Olympic medal record

Representing United Kingdom

Men's Lacrosse

= Norman Whitley =

British army officer and lacrosse player (1883–1957)

Sir Norman Henry Pownall Whitley, (29 June 1883 – 12 April 1957) was a barrister and judge. He was a silver medallist in lacrosse at the 1908 Summer Olympics.

==Biography==
Whitley was born in Chorlton, Manchester, and educated at Emmanuel College, Cambridge. He entered the Inner Temple to study law and was called to the bar in 1907.

In the 1908 Summer Olympics hosted by Great Britain, Whitley was a member of the British Lacrosse team, which went on to win a silver medal, losing to Canada in the final.

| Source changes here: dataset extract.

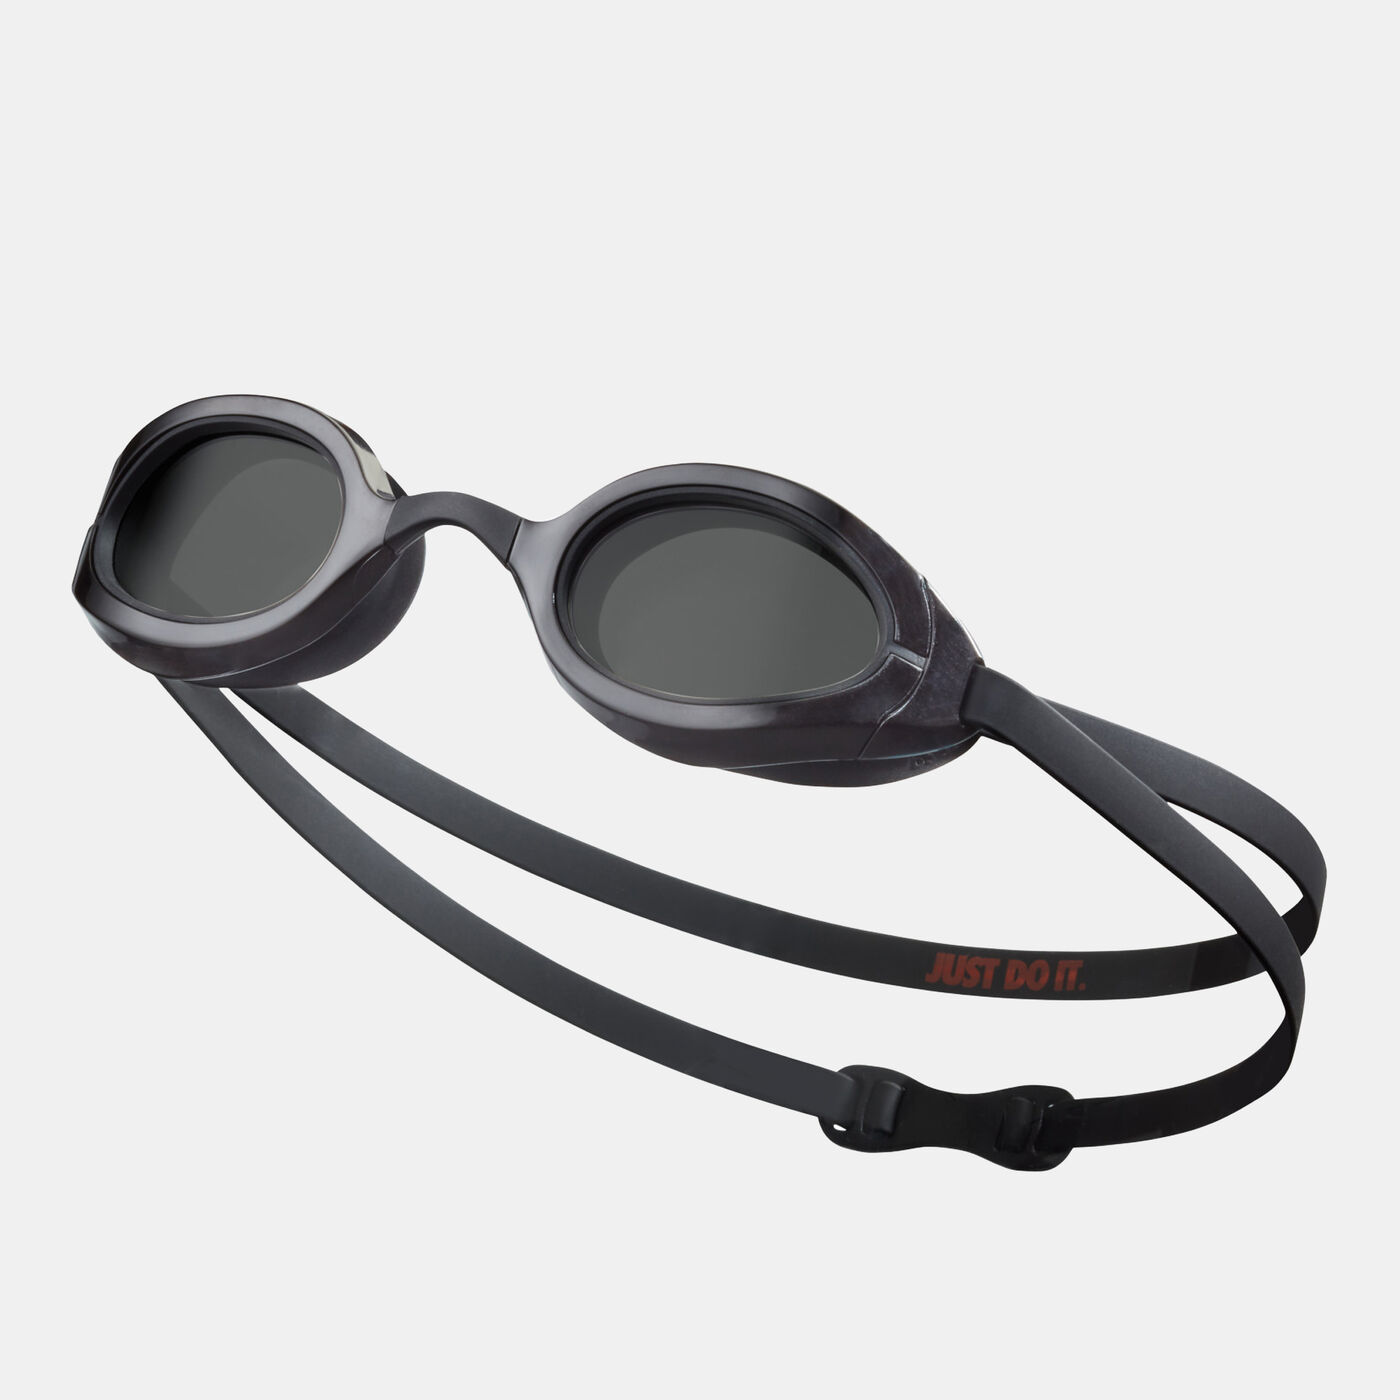 Vapor Photochromic Swimming Goggles

On the outbreak of the First World War, he was commissioned into the Manchester Regiment and served in Gallipoli, where he was awarded the Military Cross. After evacuation from Gallipoli, he served in Palestine and Arabia and was demobilized in 1920 with the rank of Major.

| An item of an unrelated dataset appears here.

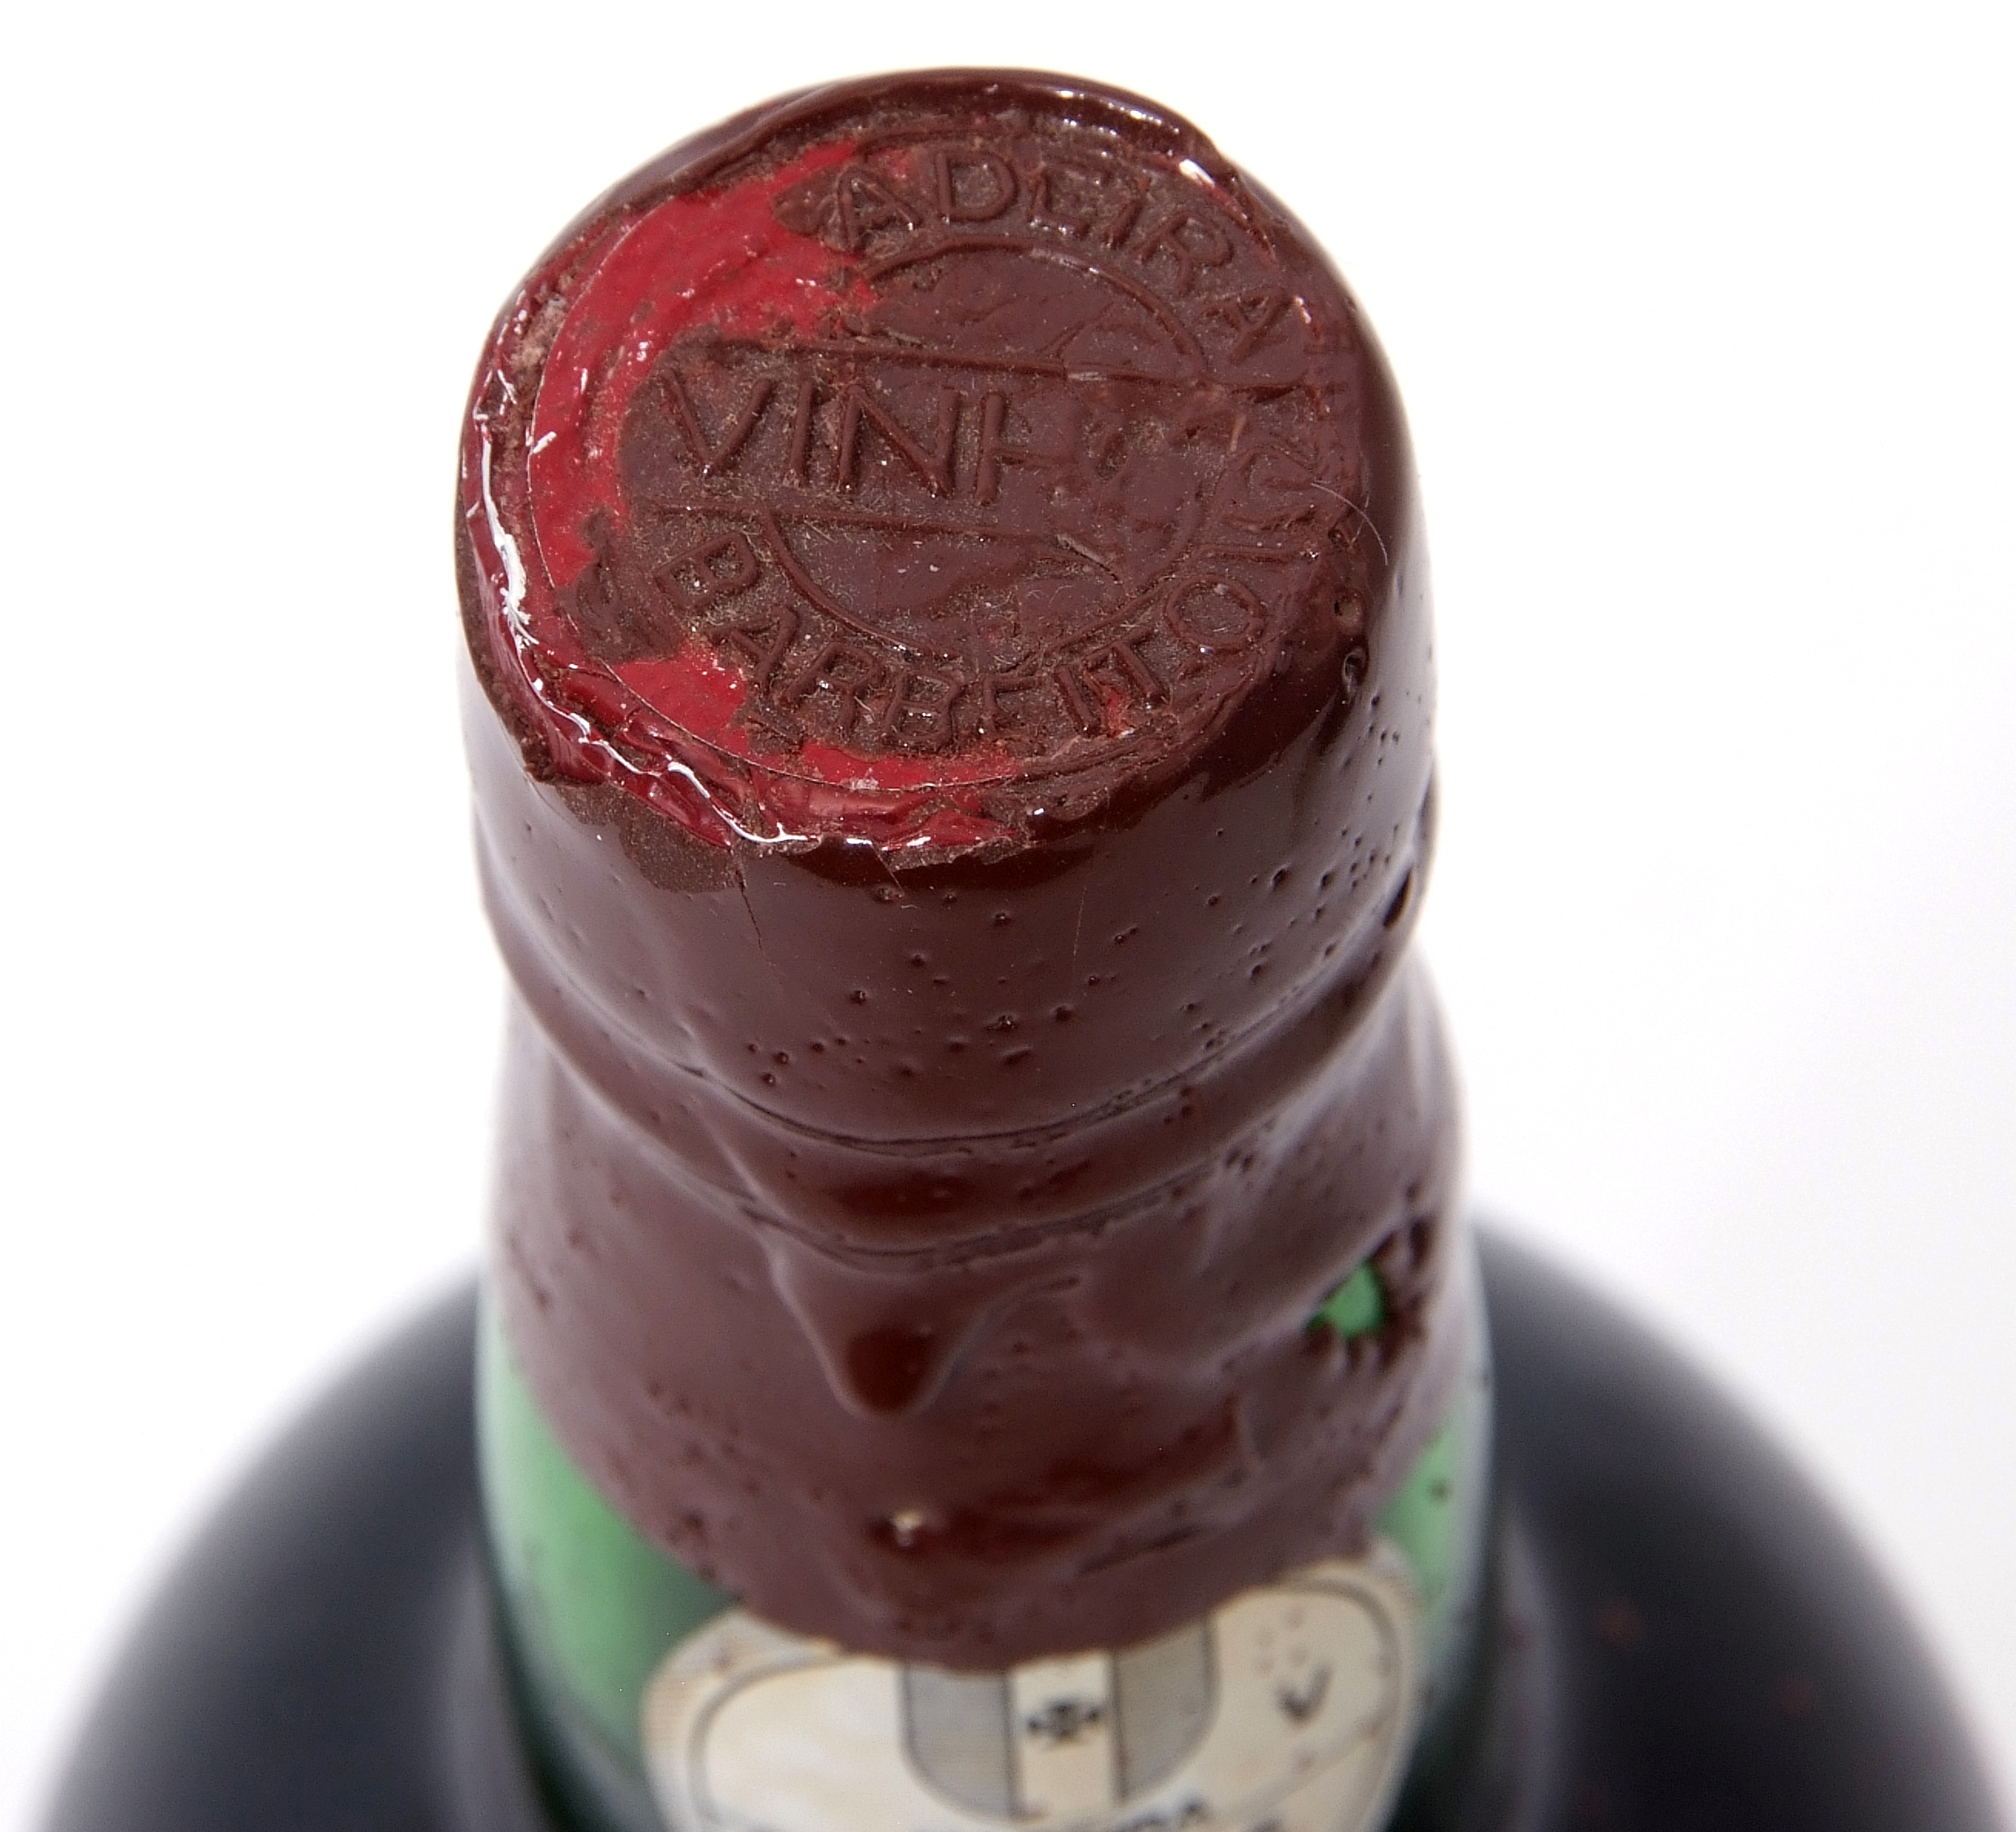 Barbeito Madeira Sercial vintage 1910 1 bottle - Image 2 of 2

Returning to the legal profession, he was appointed a Deputy Public Prosecutor in Penang in 1920 but soon afterward (1922) transferred to the Straits Settlements (Singapore) in the same capacity. In 1929, he was appointed a Puisne Judge and then Judge and Acting Chief Justice for the Federated Malay States. Finally, in 1937, he was appointed Chief Justice of Uganda, serving until his retirement in 1947. He was made a Knight Bachelor in the 1941_New_Year_Honours. He was later Chairman of the Uganda Cotton Industry Commission.

He married Florence May Erskine and had five children. His son Peter married Lady Mary Cambridge.